Field of Science

Flies on Stilts

Flies deserve a much better rep than they're usually given. They are animals of grace and poise that step lightly through the world. And perhaps few flies have an appearance that conveys that grace better than the stilt-legged flies of the Micropezidae. For today's post, I wanted to look at one particular subfamily of micropezids, the Taeniapterinae.

Scipopus sp., copyright Gail Hampshire.


Stilt-legged flies are found in most parts of the world but are particularly diverse in tropical regions. As their name indicates, they are light-bodied flies with notably long legs, the middle and hind legs being much longer than the fore legs. This legginess perhaps reaches its peak in the Madagascan genus Stiltissima, males of which have the hind femora alone at least 2.5 times the length of their thorax (Barraclough 1991). The adults are predators of small insects but are also attracted to decaying fruit or dung.
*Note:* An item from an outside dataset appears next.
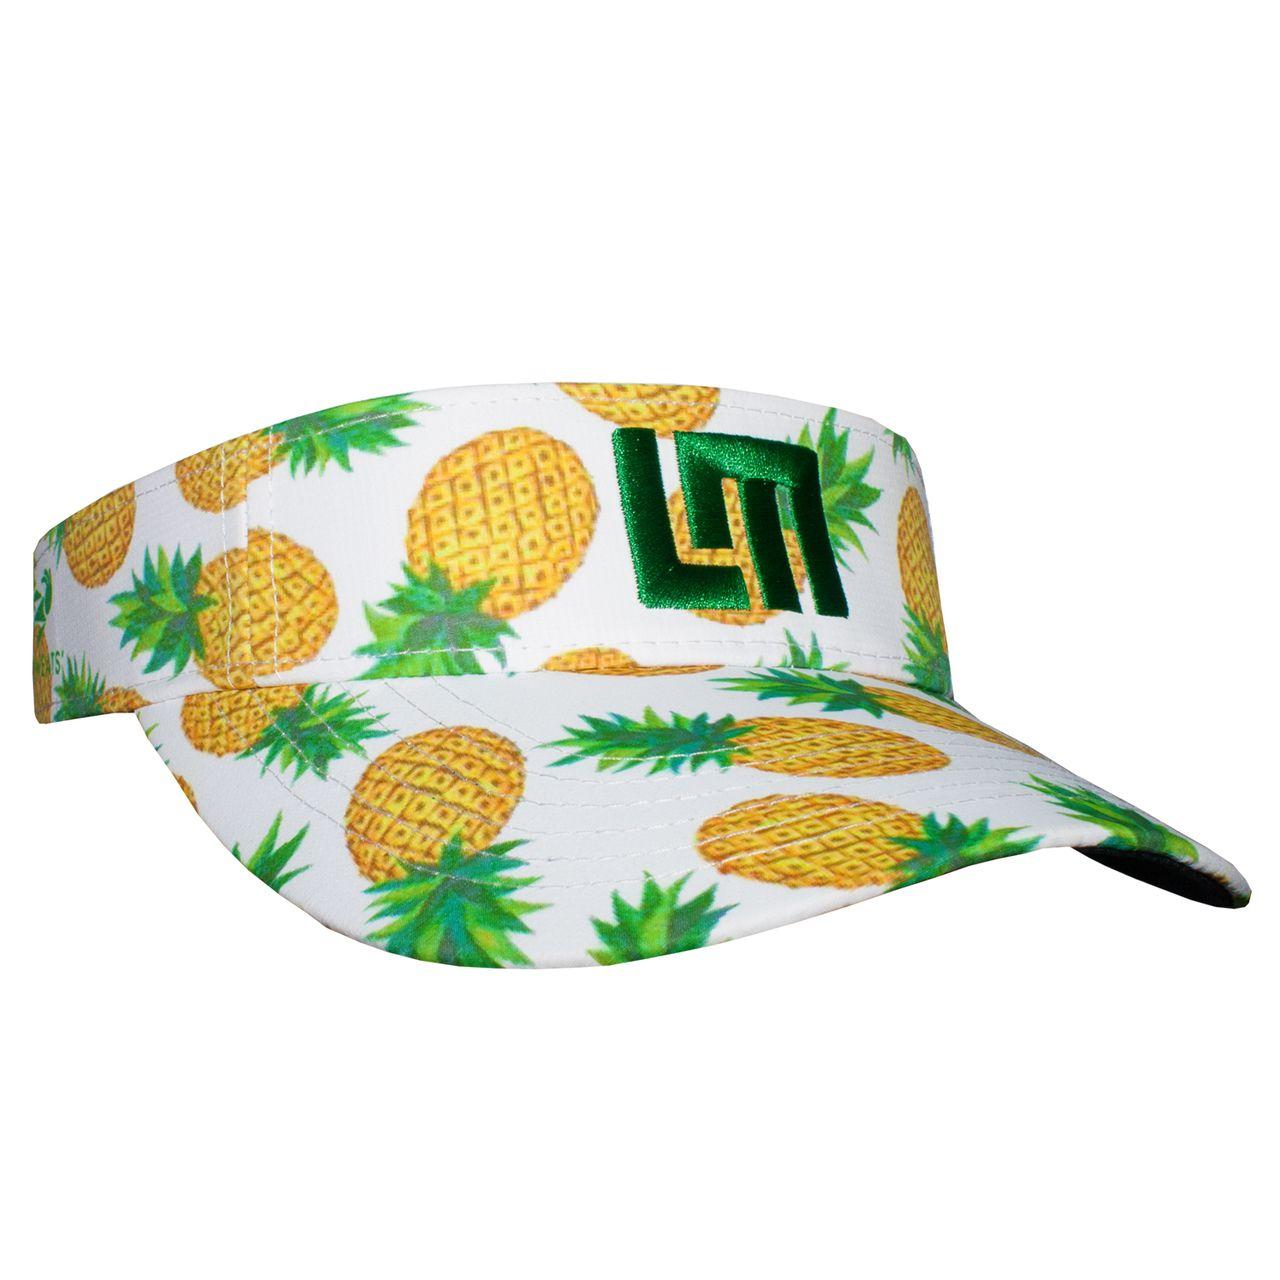 LOUDMOUTH 英國高爾夫服飾品牌-白底鳳梨中空帽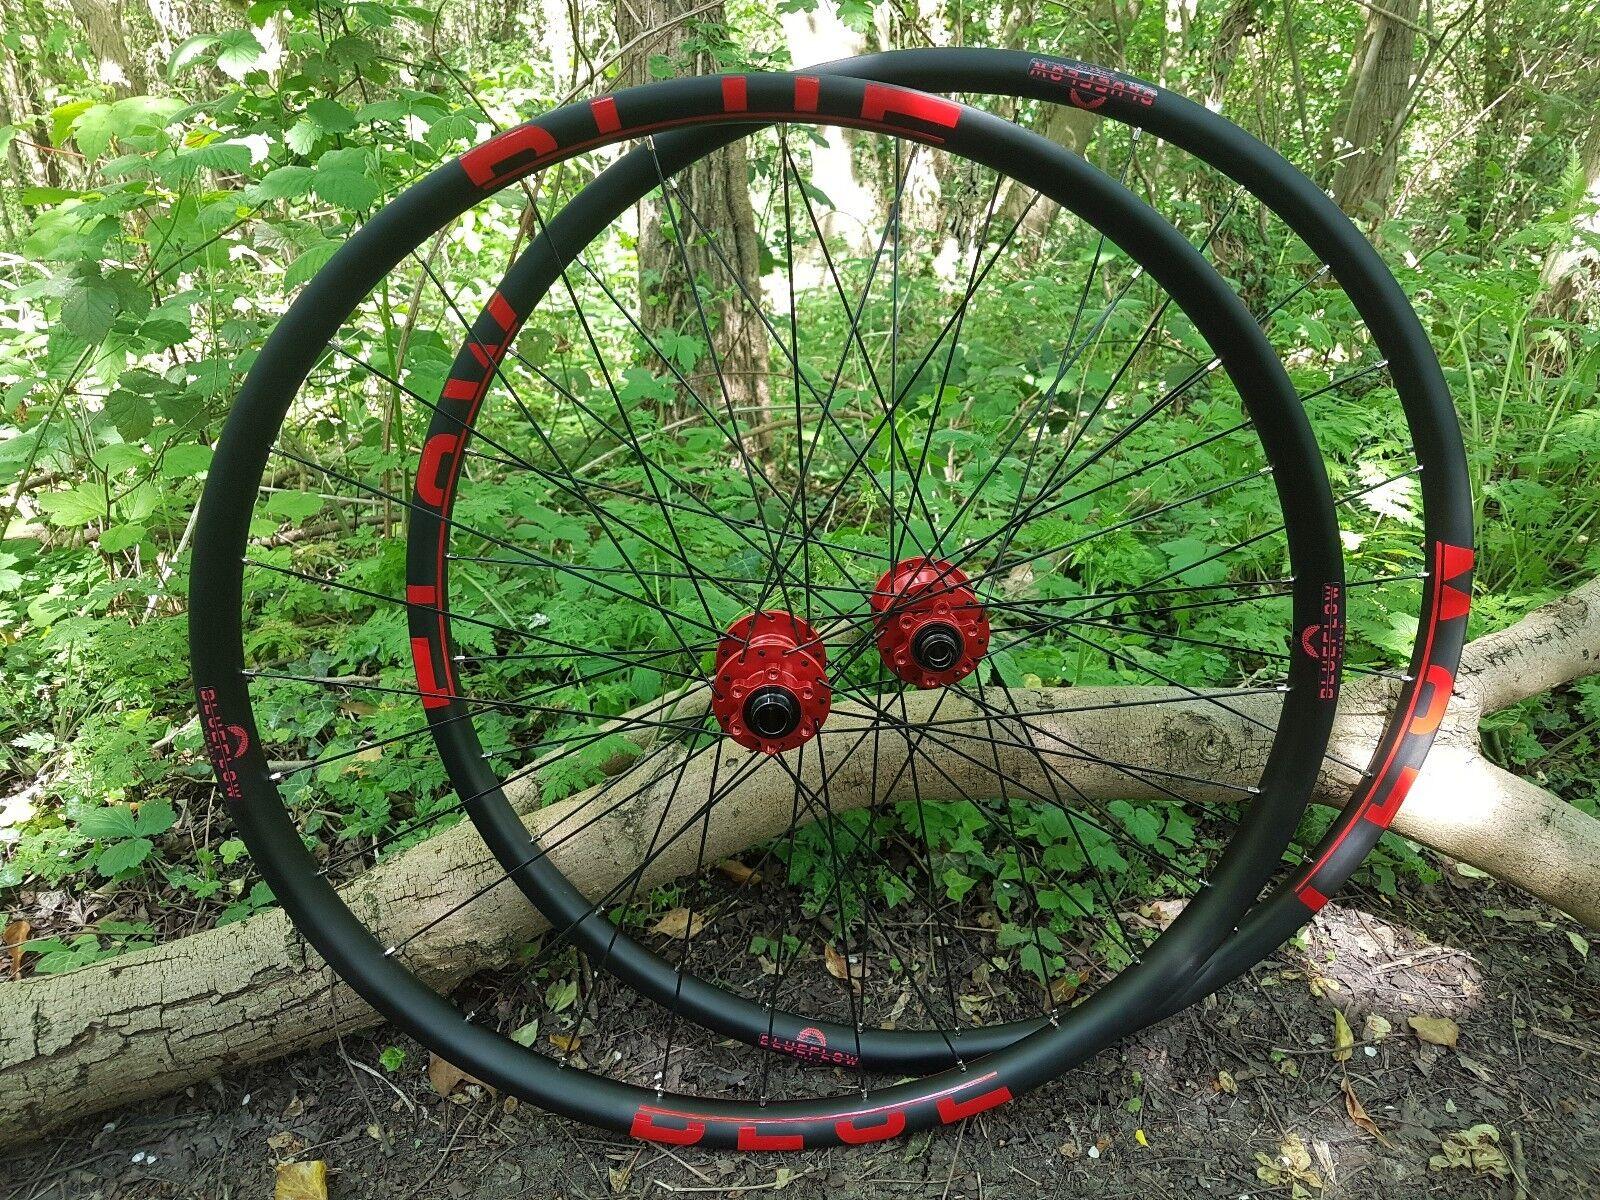 bluee Flow BF37 31 all mountain carbon wheels 27.5 29 Hope Pro 4 mountain bike AM

Larvae of the family are little known but indications are that they feed on the aforementioned ordure or other rotting vegetation. Many of them are mimics of wasps such as ichneumons or ants with their slender figure resembling the narrow-waisted appearance of a wasp. Because micropezids belong to the brachyceran lineage of flies, in which the antennae are few-segmented and usually short, the front pair of legs is instead held out in front to imitate the wasp's antennae.

Habitus of Stiltissima violacea, from Barraclough (1991).


The Taeniapterinae are the most diverse of three subfamilies recognised within the Micropezidae. Distinctive features of this subfamily include ocelli sitting relatively forward on the top of the head, a dense vertical fan of bristles on the sternopleuron (the sclerite on the side of the thorax just between the base of the fore and middle legs) and a vestigial subscutellum (Jackson et al. 2015). Though cosmopolitan in distribution, and the only micropezid subfamily known from sub-Saharan Africa (Barraclough 1991; the only non-taeniapterines known from the Afrotropical region are restricted to the Mascarene islands), taeniapterines are most diverse in the Neotropical region.

Mesoconius dianthus contrasted with its ichneumon model Cryptopteryx, from Marshall (2015).


The Taeniapterinae have been divided into two tribes based on the length of the cup cell near the base of the fore wing, the short-celled Rainieriini and the long-celled Taeniapterini (Jackson et al. 2015). All taeniapterines found outside the Neotropical region belong to the Rainieriini, as well as a number of Neotropical genera. The Taeniapterini are restricted to the New World. Genera of Taeniapterinae are often poorly distinguished with the relationships between species obscured by the evolution of features related to mimicking their wasp models. A phylogenetic analysis of selected Taeniapterinae by Jackson et al. (2015) indicated many recognised genera were non-monophyletic. It also cast doubt on the tribal classification with the Taeniapterini rendering the Rainieriini paraphyletic.

REFERENCES

Barraclough, D. A. 1991. Review of the Madagascan Taeniapterinae (Diptera: Micropezidae), with the description of a remarkably elongate-legged new genus and first record of Rainieria Rondani from the subregion. Annals of the Natal Museum 32: 1–11.

Jackson, M. D., S. A. Marshall & J. H. Skevington. 2015. Molecular phylogeny of the Taeniapterini (Diptera: Micropezidae) using nuclear and mitochondrial DNA, with a reclassification of the genus Taeniaptera Macquart. Insect Systematics and Evolution 46: 411–430.